In practice What can the APD tell us about value? First, if the APD is very low, it implies the content and or audience isn’t very engaged, and there is a lack of fit somewhere in the user experience. This can be a bad landing page (design, content, fit, speed, usability) that people bounce right off of, but it can also be just very short content. It’s easy to fill blogs or websites with pages full of small bits of content.
That’s another great way to inflate PIs, but it probably isn’t very engaging, and more importantly for advertisers their ads probably aren’t being seen for long enough or at all. Just imagine a page/site with an APD of 20 seconds. That’s not a lot of time for a user to consume the content they came for, let alone any additional content such as display ads. I’d argue below a certain point low duration pages have no value to advertisers.
This is especially true depending on how the ads are executed on page (they’re usually script activated too). Do they load last? You might get charged for a PI that your ad didn’t even appear on. Ad impressions have all the same issues PIs do. Your ad probably isn’t on the entire page as well, so its position and the relative length of the page is very important to the value of ad spots.
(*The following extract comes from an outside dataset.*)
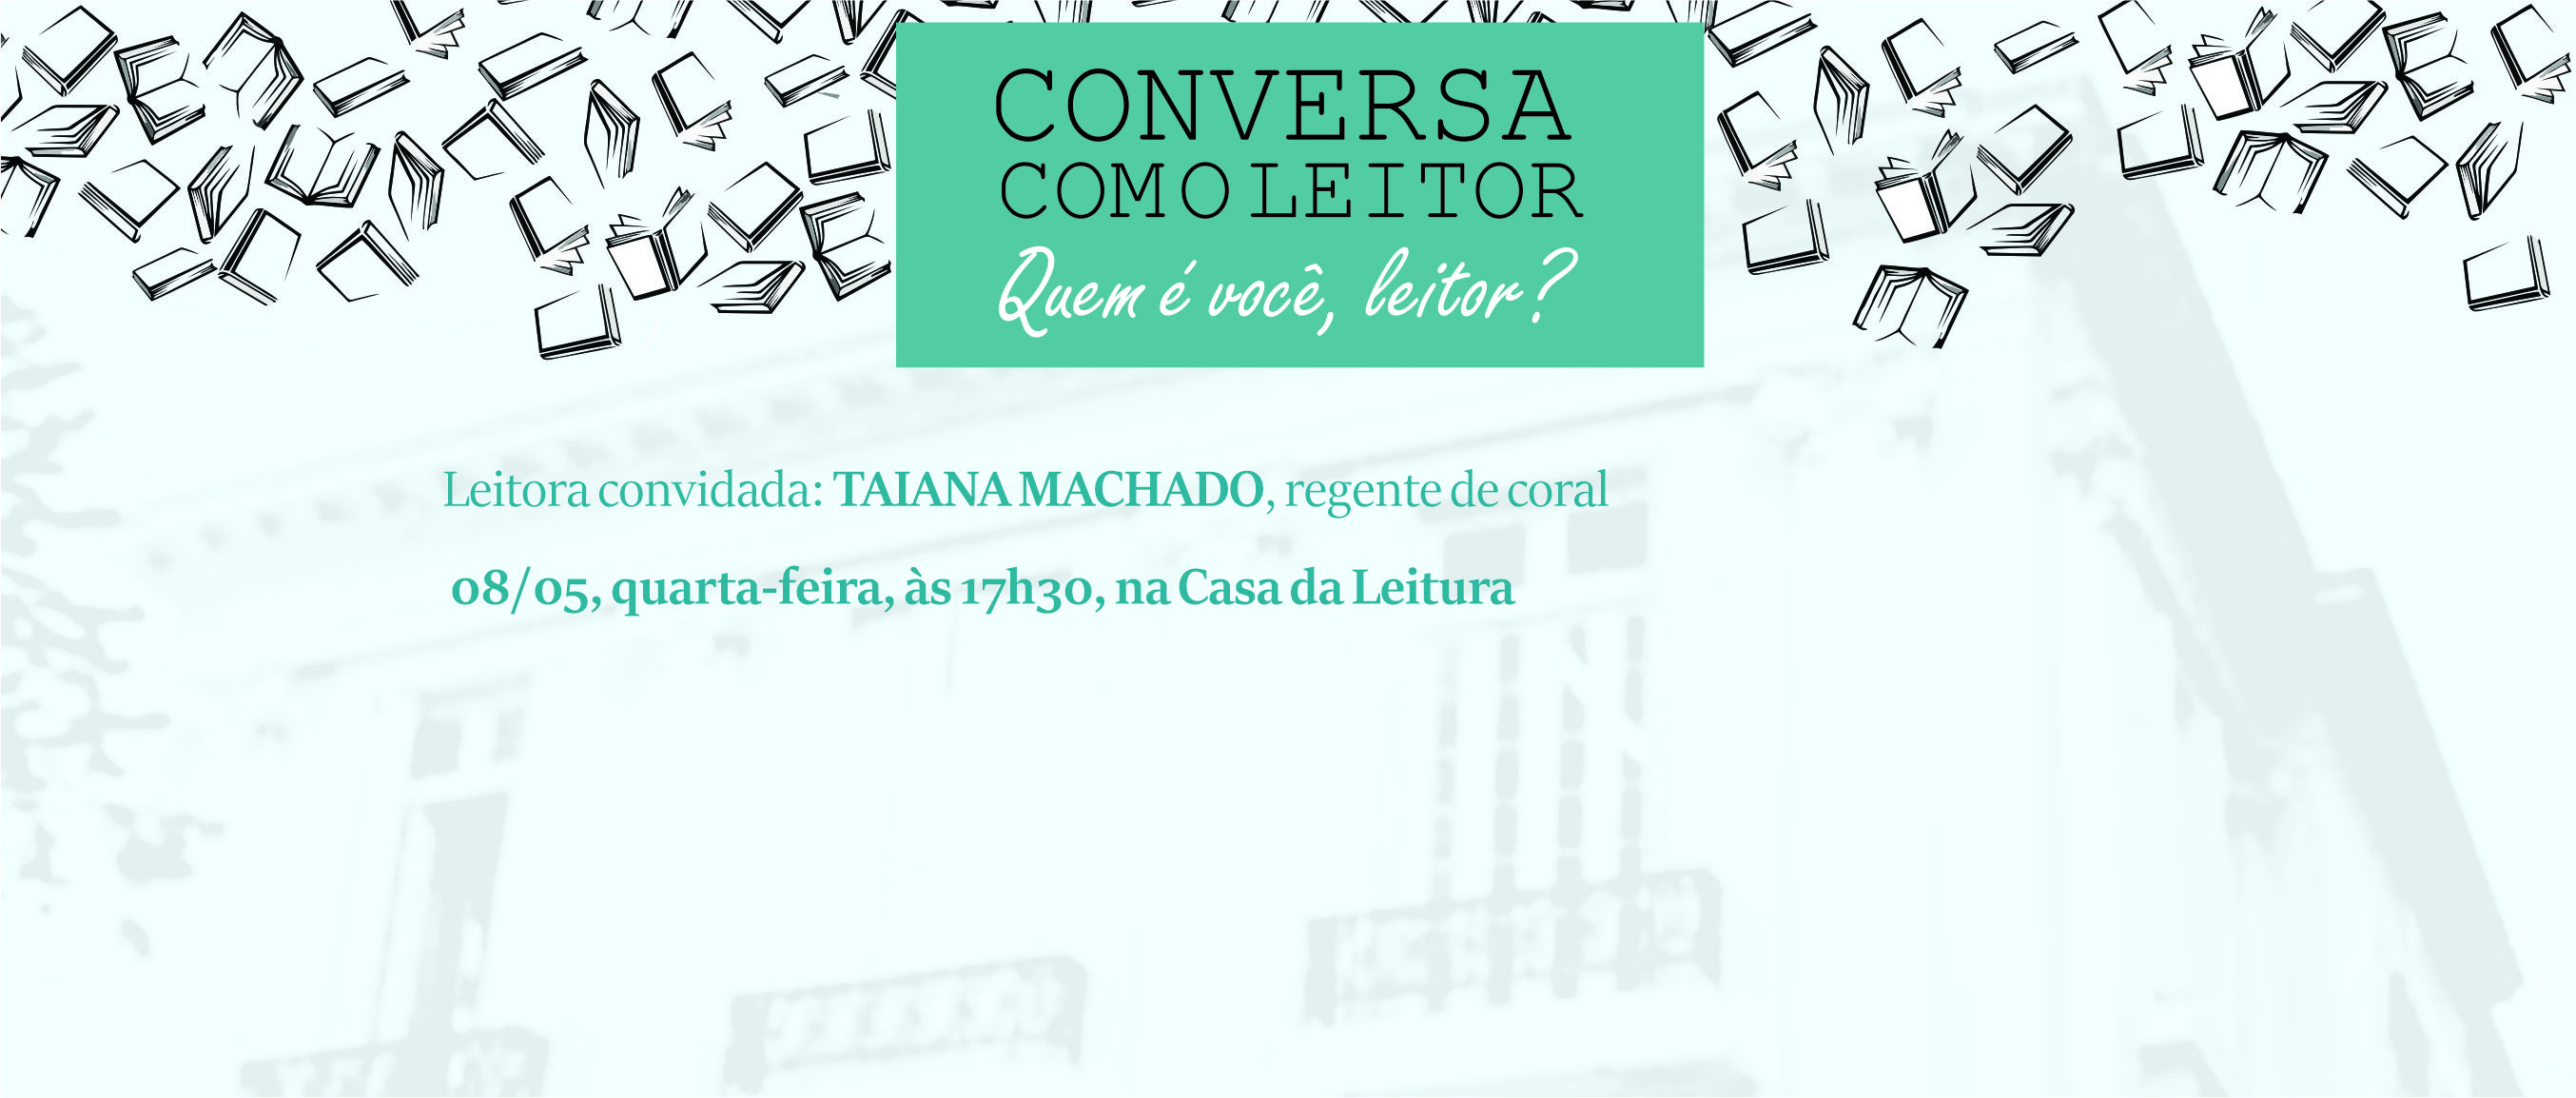 Conversa com o Leitor - Taiana Machado

How long is your ad going to actually be seen? If you don’t know this, I guarantee you’re wasting money. It’s as simple as the fact that 30 second TV ads are worth more than 15 second TV ads. Display isn’t any different, so why buy PIs like they’re all the same? This is especially true when considering ad placements below the fold or out of view. A page impression isn’t an ad impression.
Even if you’re being given ad impression numbers, that doesn’t mean they were seen. An ad can be delivered and never viewed. The basic rule is you get what you pay for, and if it’s really cheap there’s probably a reason. Some publishers might charge twice as much, but on the cheap site only a quarter of the actual ads delivered are ever seen.
Price is a great indicator of quality, but it still pays to check what’s actually being delivered. Also, what kind of ad is it? How much time does it need to get its message across? How does that flow with the content and context of the page? There are lots of things to keep in mind for media buying, and let’s be honest, it’s usually not looked at closely enough. That’s why if I do have to take a shortcut and just rely on one metric to determine page value, then I’m going with APD.
True value is always determined case by case, but you have to understand your metrics to get value. There is a lot more to PIs than meets the eye. I don’t even start to claim that this is comprehensive as there are additional new technologies being invented all the time for tracking users online (fingerprinting, packet sniffing, etc)
But hopefully you’ve found this useful, and if anyone has any suggestions to improve/correct this explanation I’d really appreciate the input.
Eric Rowe is a senior digital analyst at Tourism New Zealand.